È questo il terrificante documento che la Corona ha presentato alla giuria giovedì all’inizio del processo contro Hosea Amorus Puhya presso il tribunale di Montreal. L’uomo di 51 anni è accusato dell’omicidio di primo grado della sua ex moglie e madre dei loro tre figli. La donna è stata accoltellata davanti a casa sua nel settembre 2022 a LaSalle.

“Ti ammazzo, ti ficco un coltello nello stomaco e morirai. »

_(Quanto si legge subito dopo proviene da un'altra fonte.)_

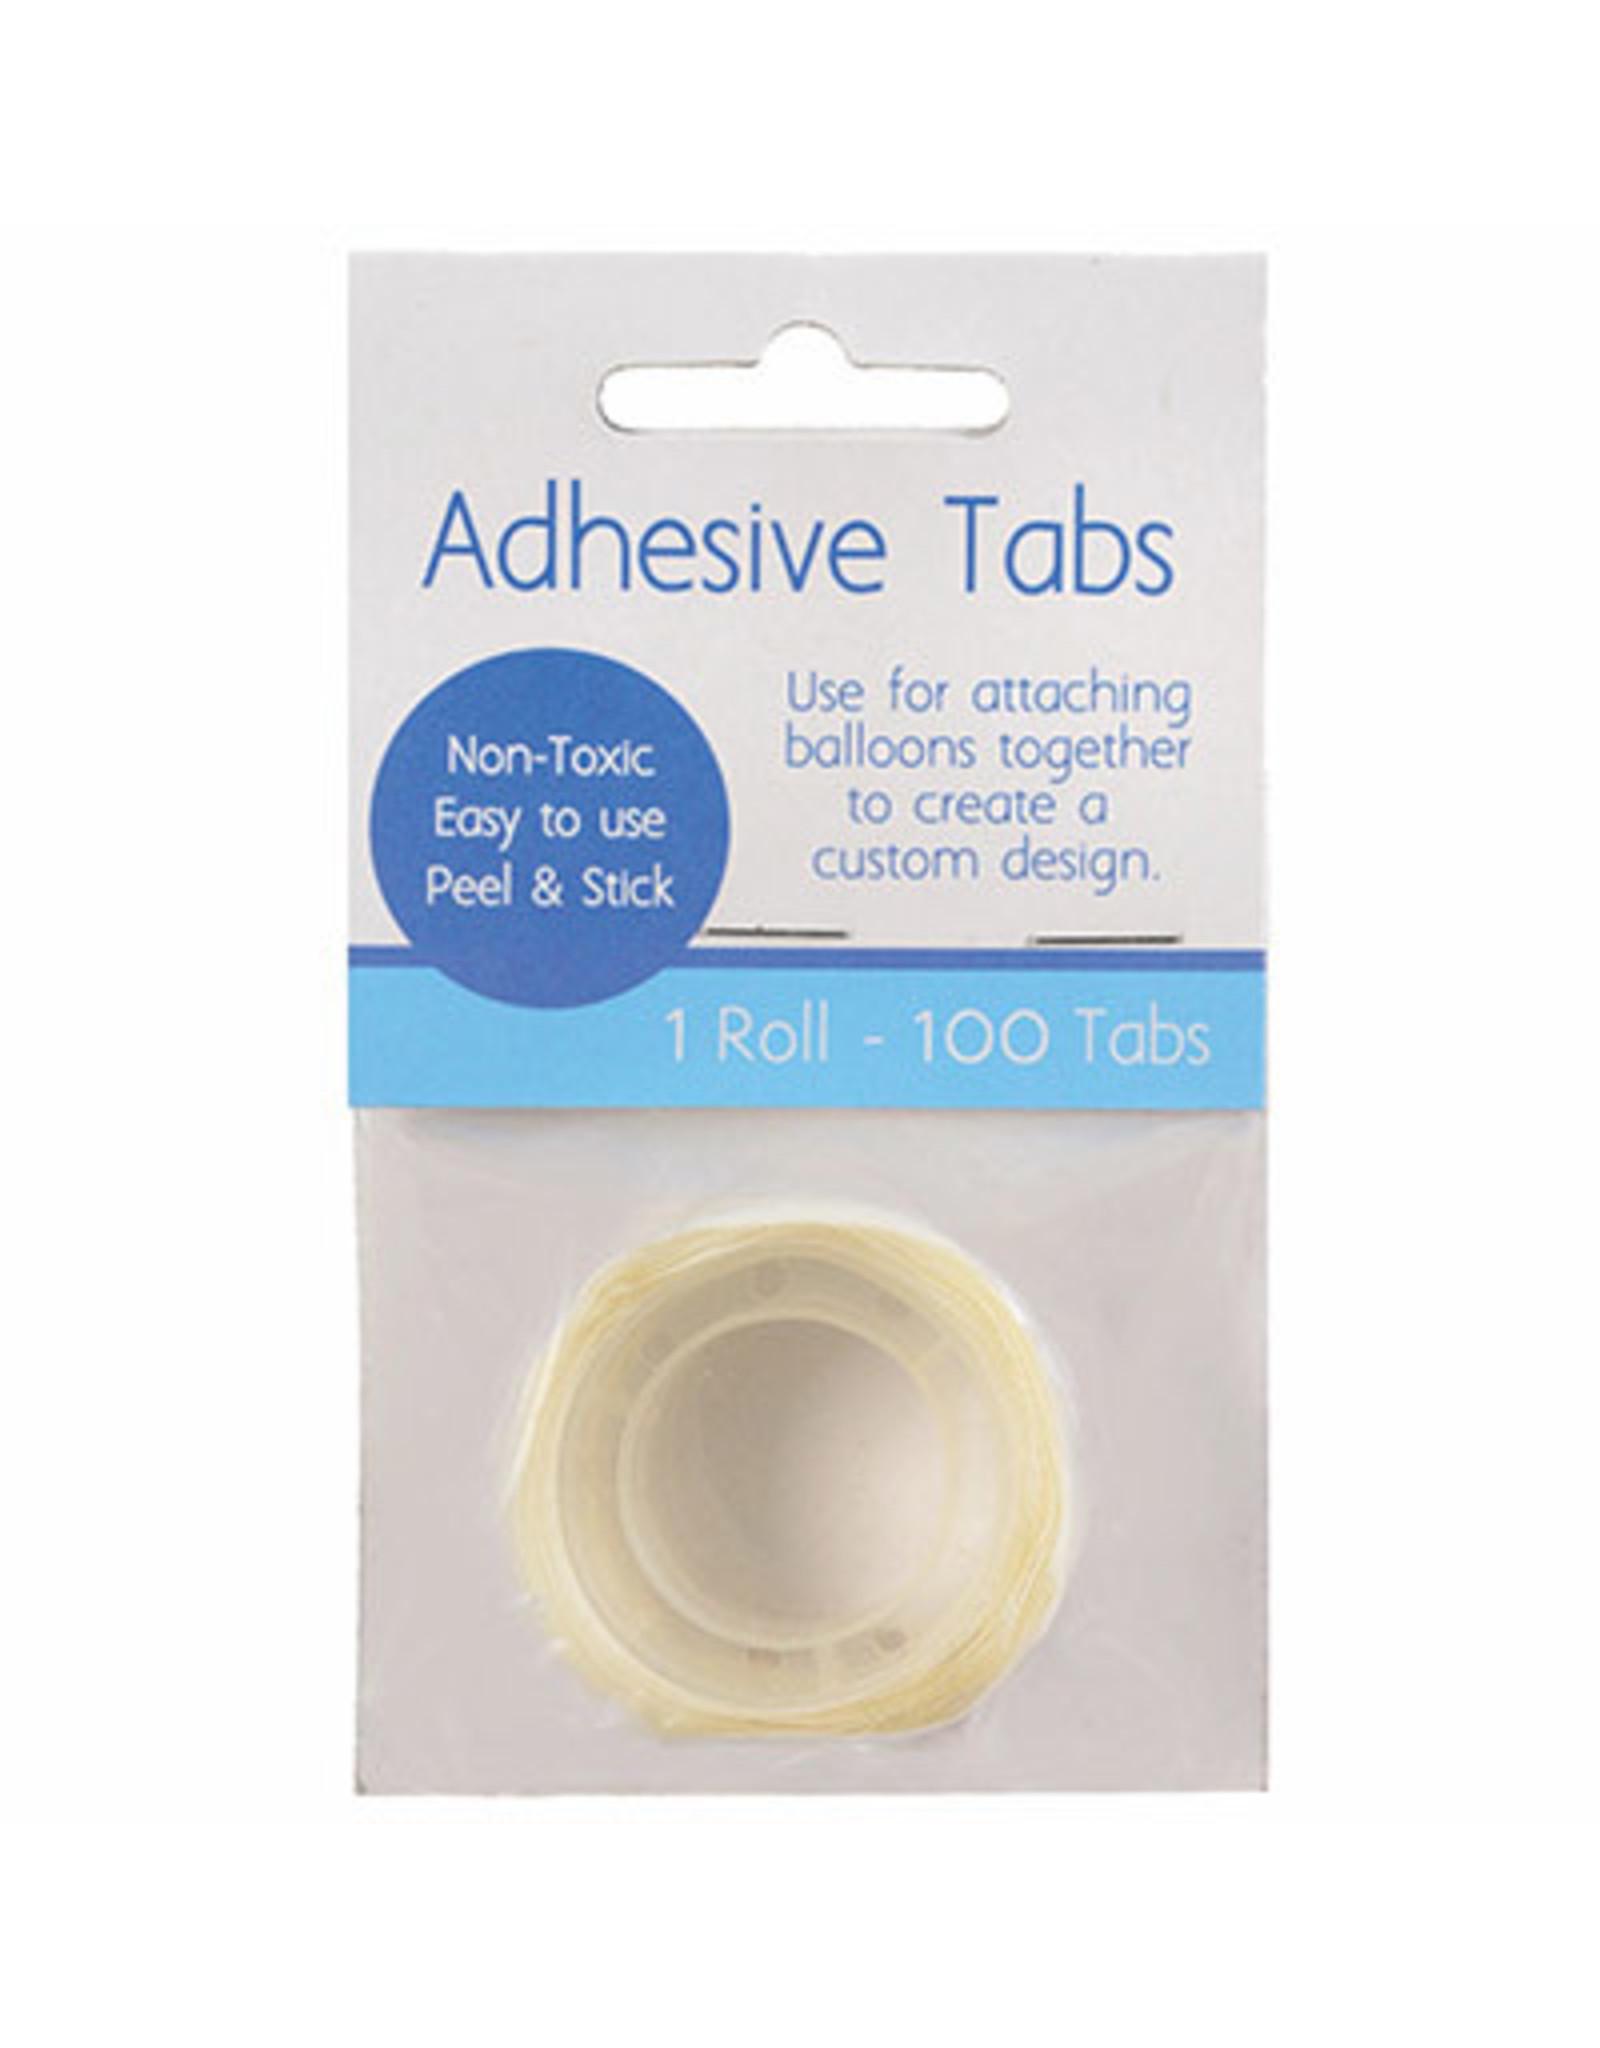 Amscan Adhesive Balloon Tabs - 100ct.

Questo è ciò che Hosea Amorus Puhya avrebbe detto alla sua ex moglie nel gennaio 2022 dopo il suo arresto per mancato rispetto delle condizioni. Un mese prima, Gisèle Itale Betondi ne aveva abbastanza della loro relazione “difficile” e lo aveva lasciato. L’uomo ha avuto difficoltà ad accettare la rottura, ha detto alla giuria il procuratore della Corona Me Jade Coderre nella sua presentazione introduttiva.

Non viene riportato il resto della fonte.